■ ABOUT THIS TASK: In this exercise, print only the lines of the records below from the one with "Yadkin Valley Magazine" through the one with "chiesa dipinta foto", inclusive. Pictures are not part of the copy.
DATA RECORDS Block Start
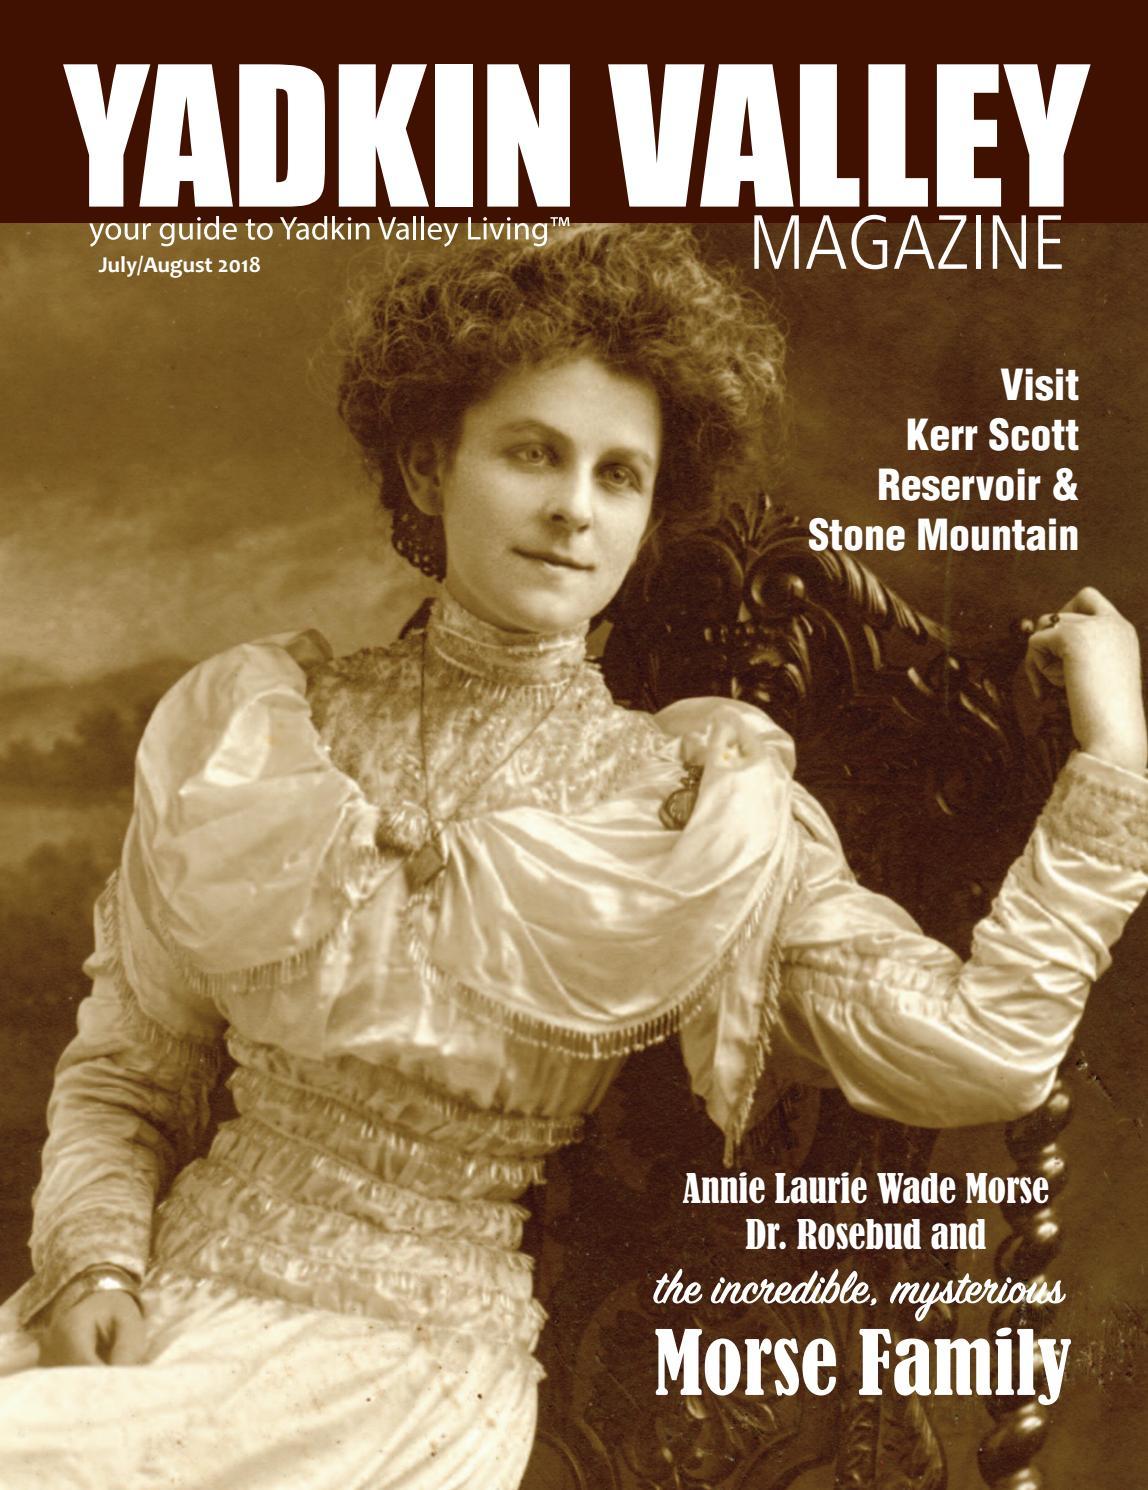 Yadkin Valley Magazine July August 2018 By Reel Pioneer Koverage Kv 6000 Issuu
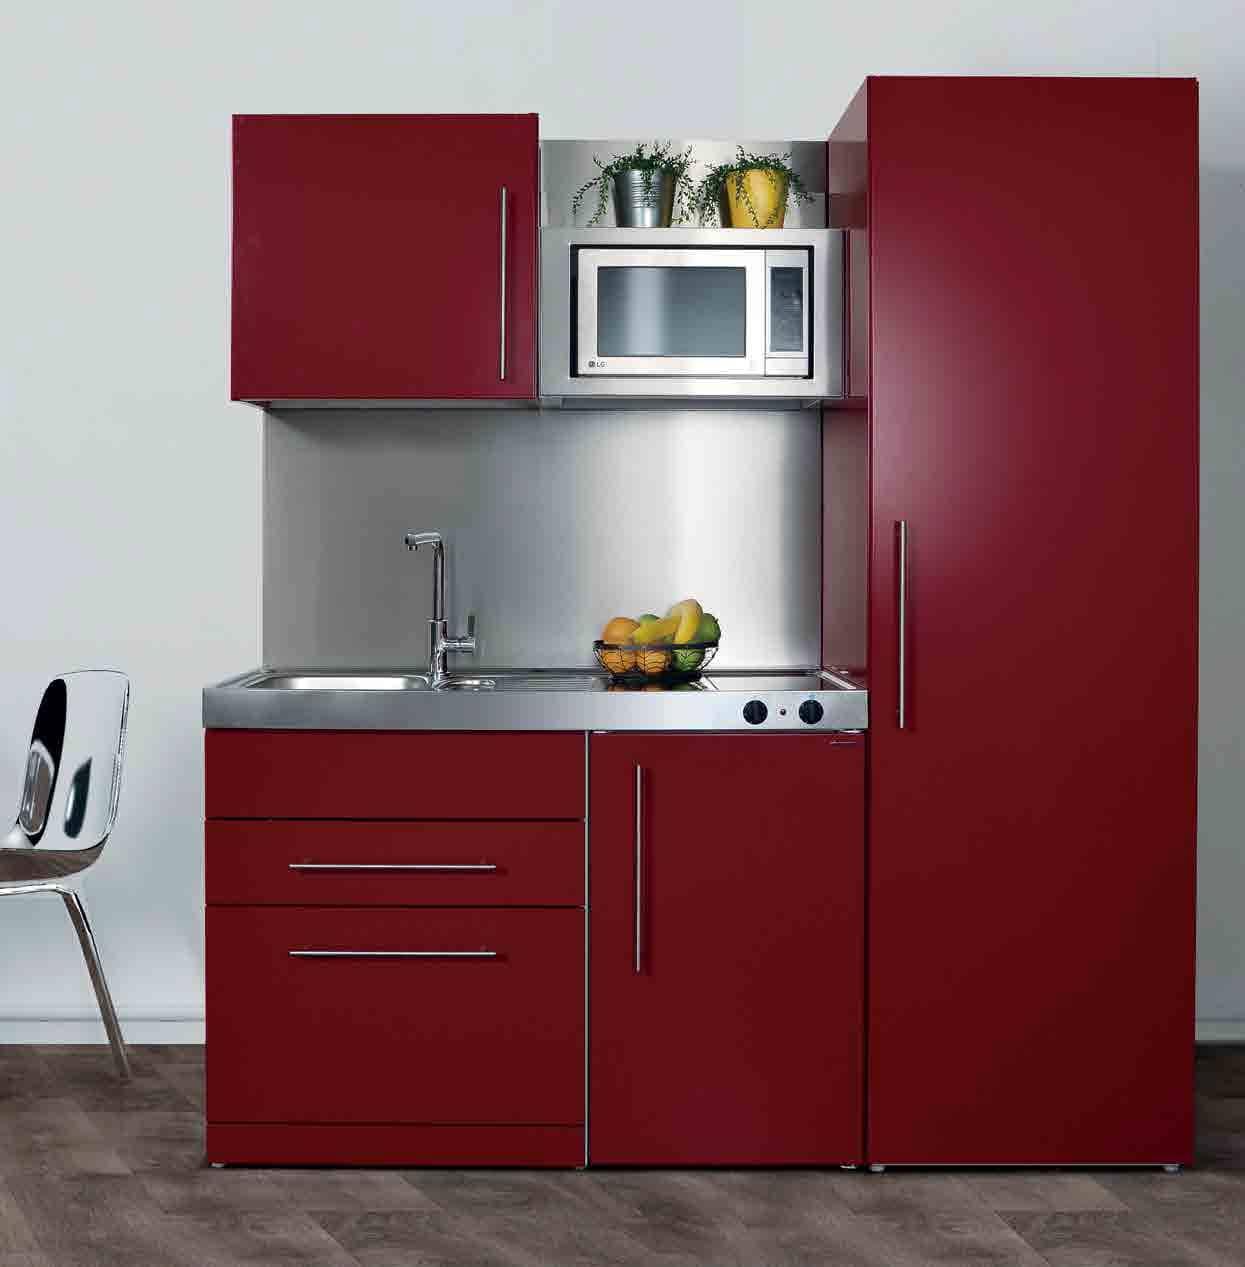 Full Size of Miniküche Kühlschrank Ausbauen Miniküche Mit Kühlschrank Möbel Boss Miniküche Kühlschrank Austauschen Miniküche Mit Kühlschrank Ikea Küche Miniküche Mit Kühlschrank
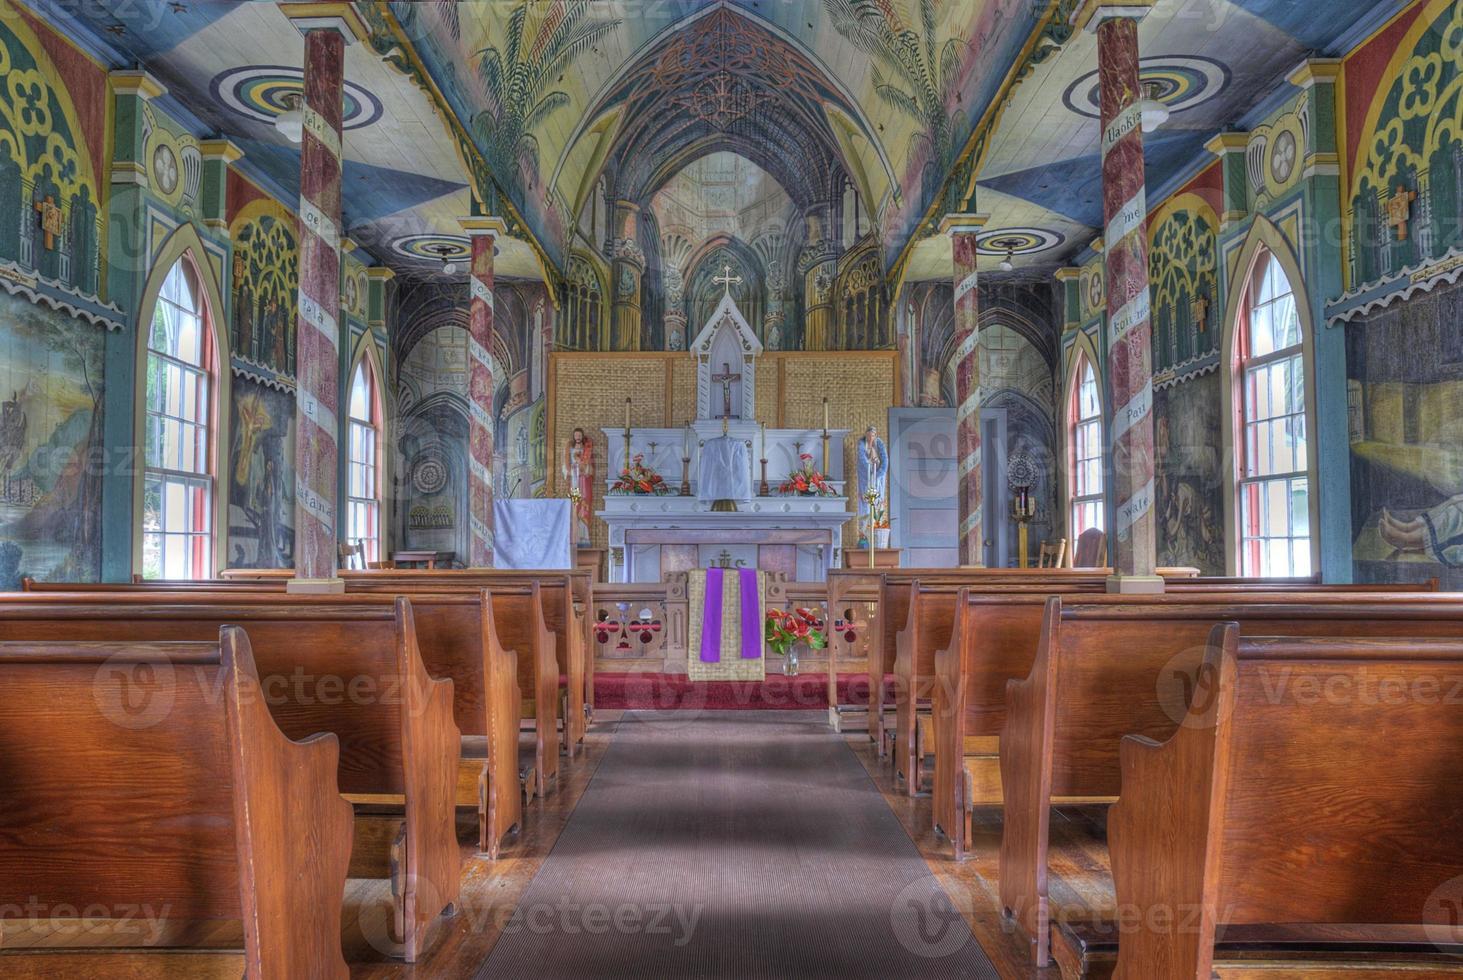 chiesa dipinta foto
DATA RECORDS Block End
DATA RECORDS Block Start
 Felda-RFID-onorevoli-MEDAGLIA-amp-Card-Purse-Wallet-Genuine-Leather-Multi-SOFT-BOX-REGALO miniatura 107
DATA RECORDS Block End
■ RESULT:
 Yadkin Valley Magazine July August 2018 By Reel Pioneer Koverage Kv 6000 Issuu
 Full Size of Miniküche Kühlschrank Ausbauen Miniküche Mit Kühlschrank Möbel Boss Miniküche Kühlschrank Austauschen Miniküche Mit Kühlschrank Ikea Küche Miniküche Mit Kühlschrank
 chiesa dipinta foto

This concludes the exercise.